È un vero labirinto. Quello del Minotauro, di Teseo e del filo di Arianna? No quello della disinformazione sul biotech.
Ma andiamo per ordine.
Di miti e leggende sugli organismi transgenici se ne possono trovare perfino nella mitologia greca, basti pensare proprio al Minotauro, ibrido orrifico nato dall’unione di un toro sacro con Pasifae, moglie del Re di Creta Minosse.

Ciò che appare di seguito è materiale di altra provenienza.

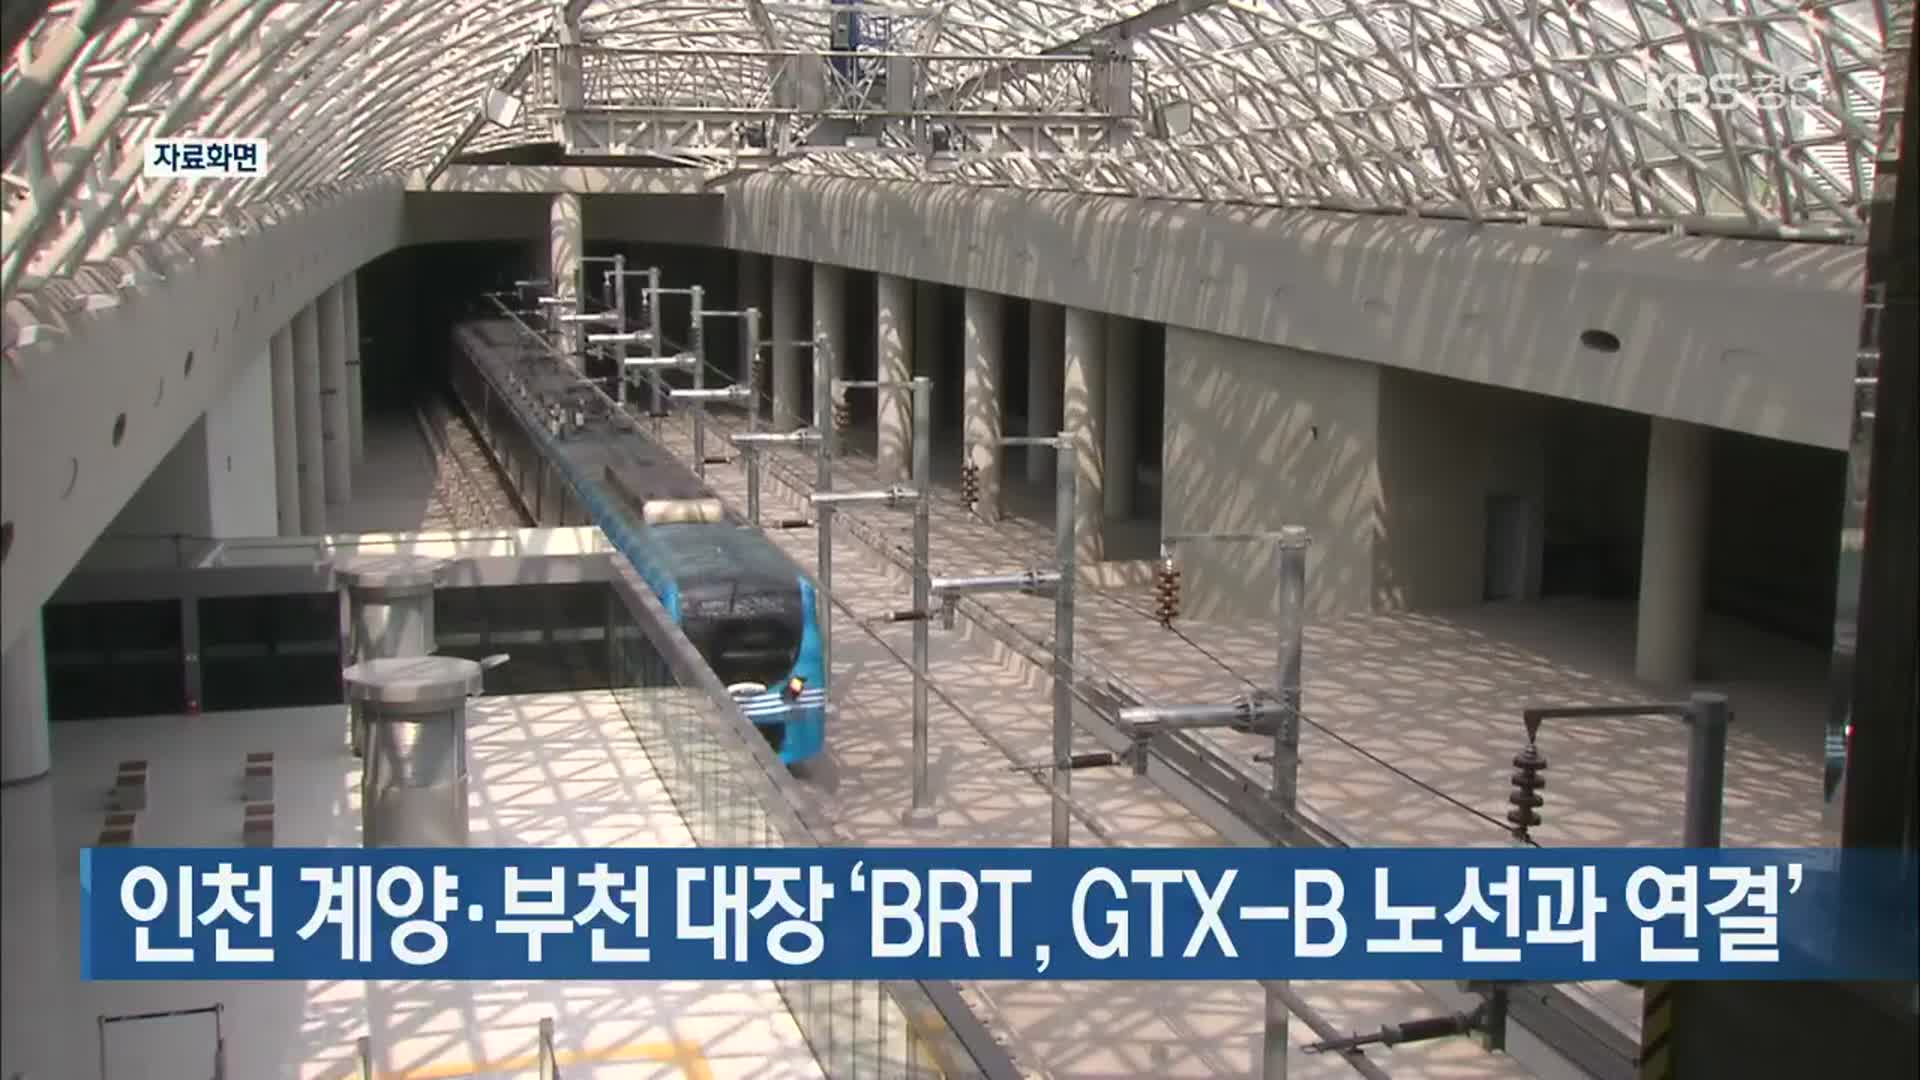 인천 계양·부천 대장 ‘BRT, GTX-B 노선과 연결’

Sebbene non esistessero ancora associazioni ambientaliste o propugnatori della decrescita felice, nemmeno allora gli ibridi pare godessero di grandi simpatie, visto che il frutto di quell’accoppiamento finì rinchiuso nel labirinto appositamente disegnato da Dedalo, artista e architetto di corte.
Il Minotauro, eletto a simbolo moralista delle conseguenze dei comportamenti contro Natura dell'Uomo, si cibò per anni solo di carne umana, in barba quindi anche ai più moderni precetti macrobiotici e agli ammiccamenti delle diete vegane.
Solo l’astuzia di Teseo, eroe ateniese, e di Arianna, figlia di Minosse, poterono avere ragione del “mostro”.
 
Dopo circa duemila e 500 anni l’Umanità sembra continuare ad aver bisogno di miti e leggende in cui credere. Come pure pare che resti ancora oggi tentazione irresistibile quella di diffonderle a ogni livello e con ogni mezzo.
I mostri di oggi non portano però corna e zoccoli, bensì geni modificati. E questa volta nulla c’entra Zeus, bensì la ricerca biotech. Questa ha prodotto organismi portatori di resistenze e oggi si teme possano contaminare altre essenze vegetali trasferendovi le proprie caratteristiche contro Natura.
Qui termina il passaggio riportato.